- What to work on
Once you have located the line containing "Kitchen tools seamless" in the material below, return it exactly along with each line after it through the line containing "#ItPaysToPlay".

- Material provided

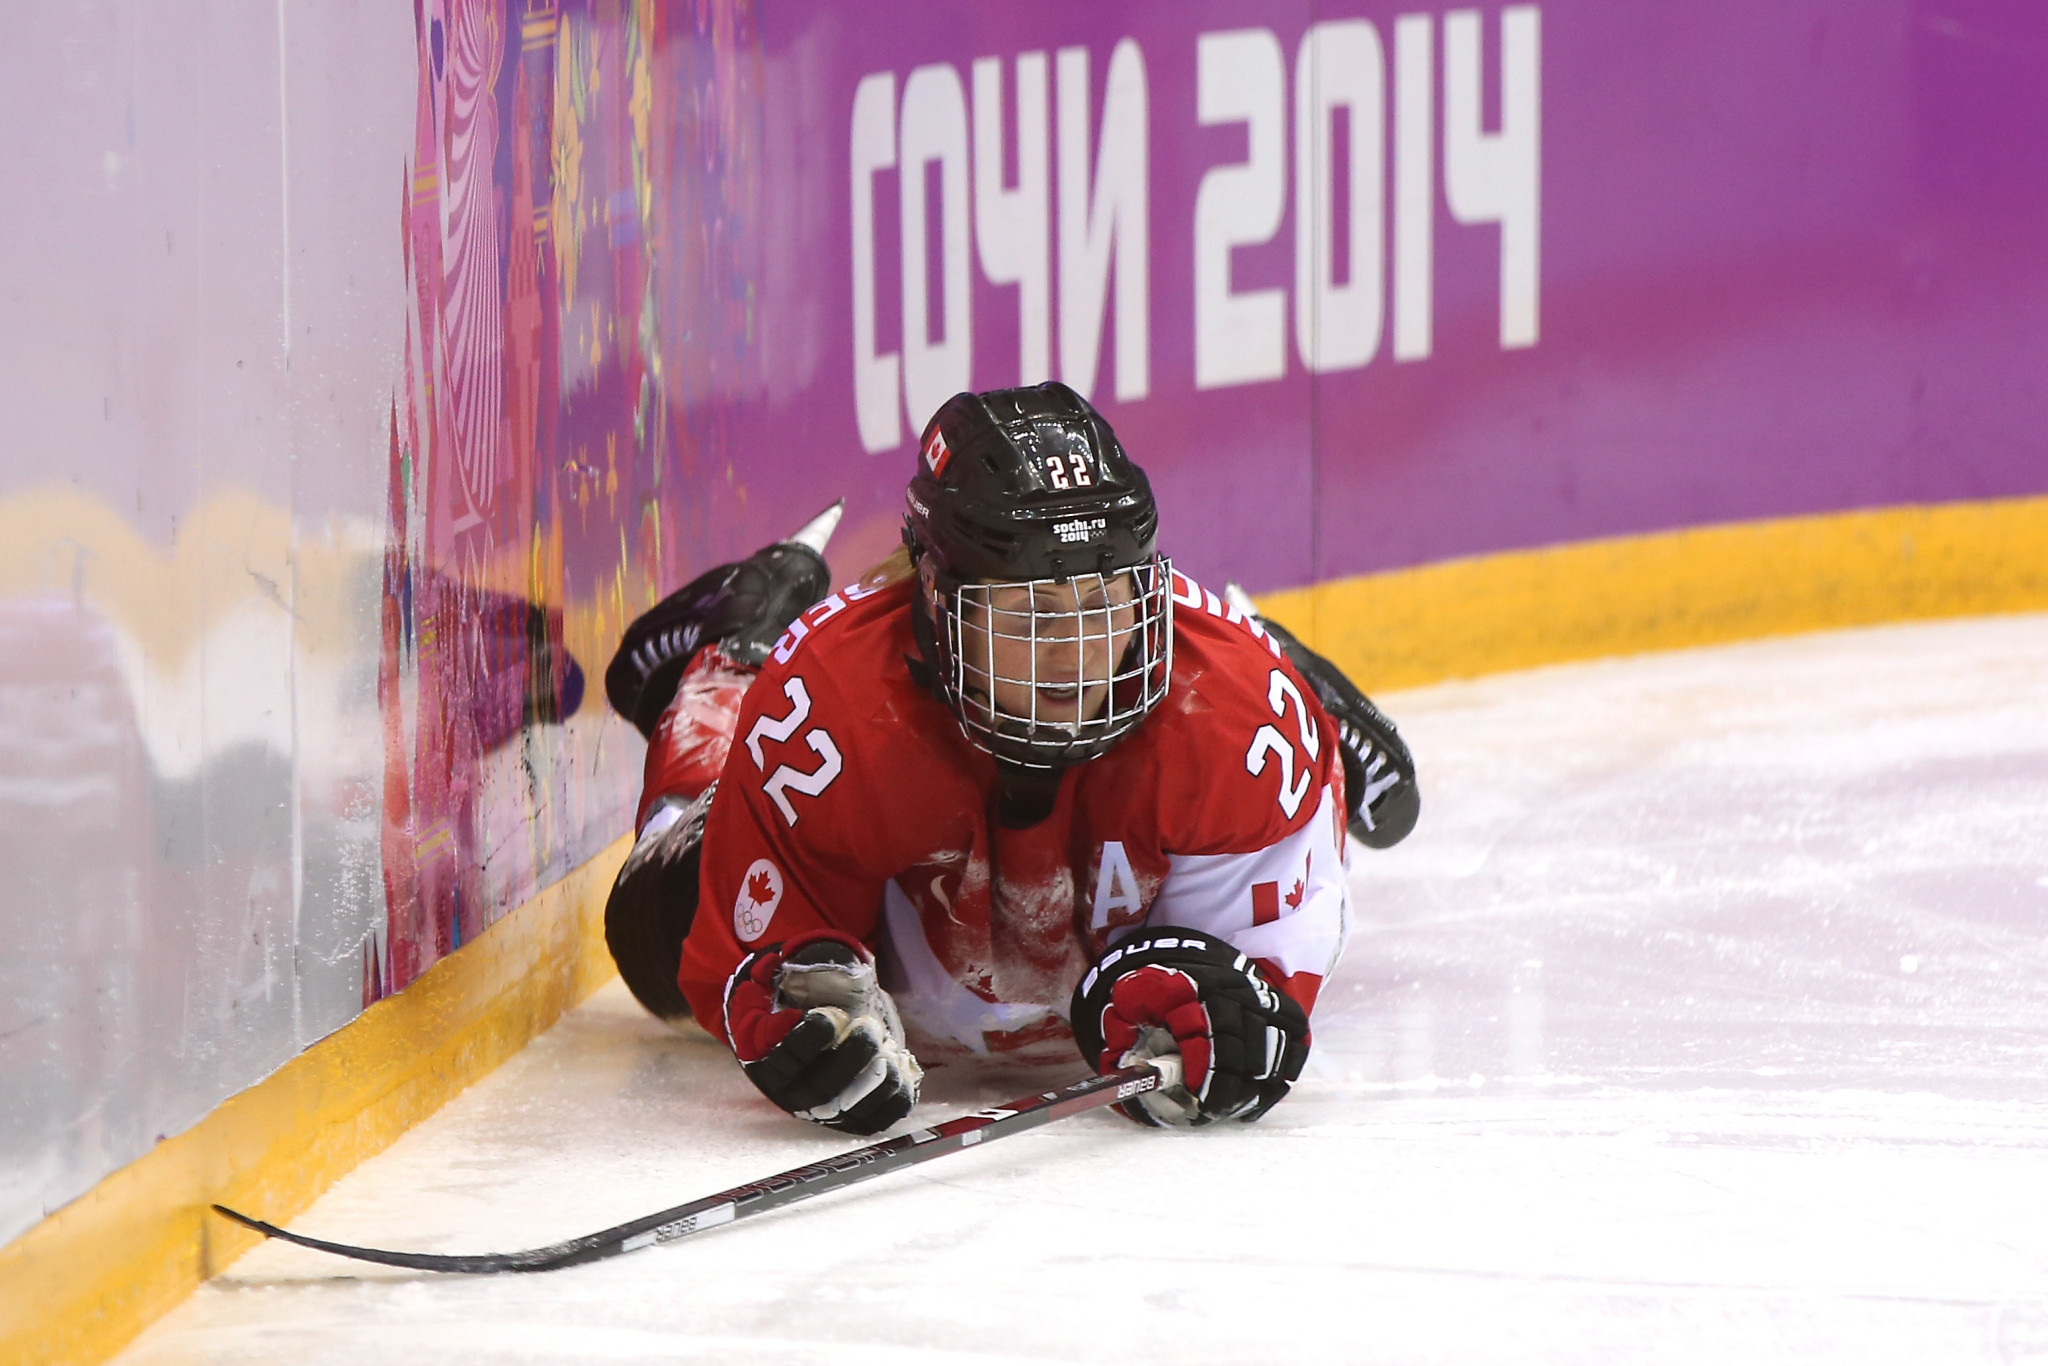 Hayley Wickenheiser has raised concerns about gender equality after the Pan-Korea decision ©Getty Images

--

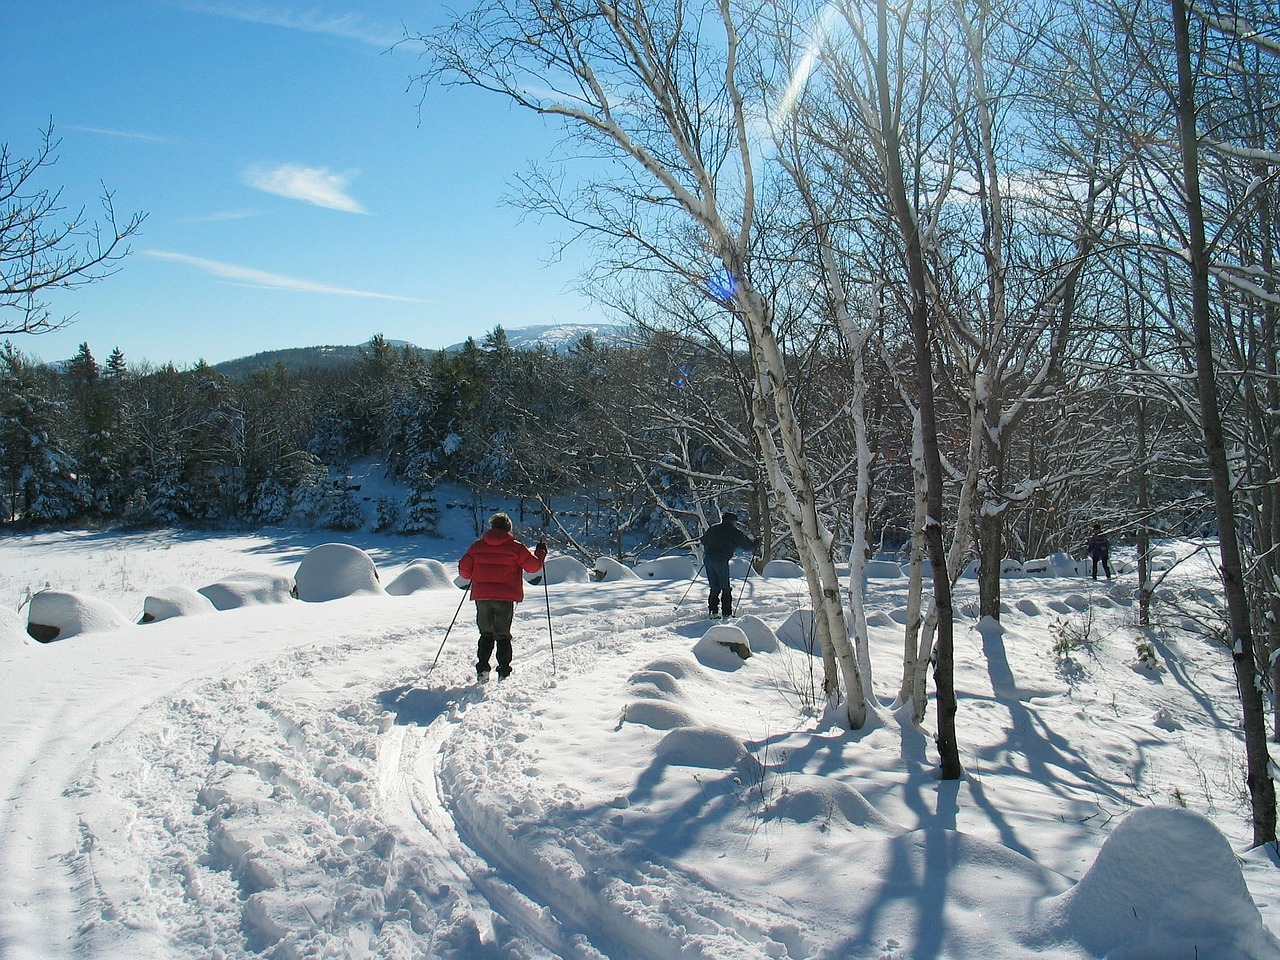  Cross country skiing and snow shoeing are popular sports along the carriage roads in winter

==

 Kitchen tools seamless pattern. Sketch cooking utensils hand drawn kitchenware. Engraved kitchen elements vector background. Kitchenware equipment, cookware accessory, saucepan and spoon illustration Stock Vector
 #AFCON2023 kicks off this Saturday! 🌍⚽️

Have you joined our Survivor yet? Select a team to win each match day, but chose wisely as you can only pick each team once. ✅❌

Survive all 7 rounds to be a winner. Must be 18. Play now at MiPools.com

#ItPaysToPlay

- Solution for this exercise
 Kitchen tools seamless pattern. Sketch cooking utensils hand drawn kitchenware. Engraved kitchen elements vector background. Kitchenware equipment, cookware accessory, saucepan and spoon illustration Stock Vector
 #AFCON2023 kicks off this Saturday! 🌍⚽️

Have you joined our Survivor yet? Select a team to win each match day, but chose wisely as you can only pick each team once. ✅❌

Survive all 7 rounds to be a winner. Must be 18. Play now at MiPools.com

#ItPaysToPlay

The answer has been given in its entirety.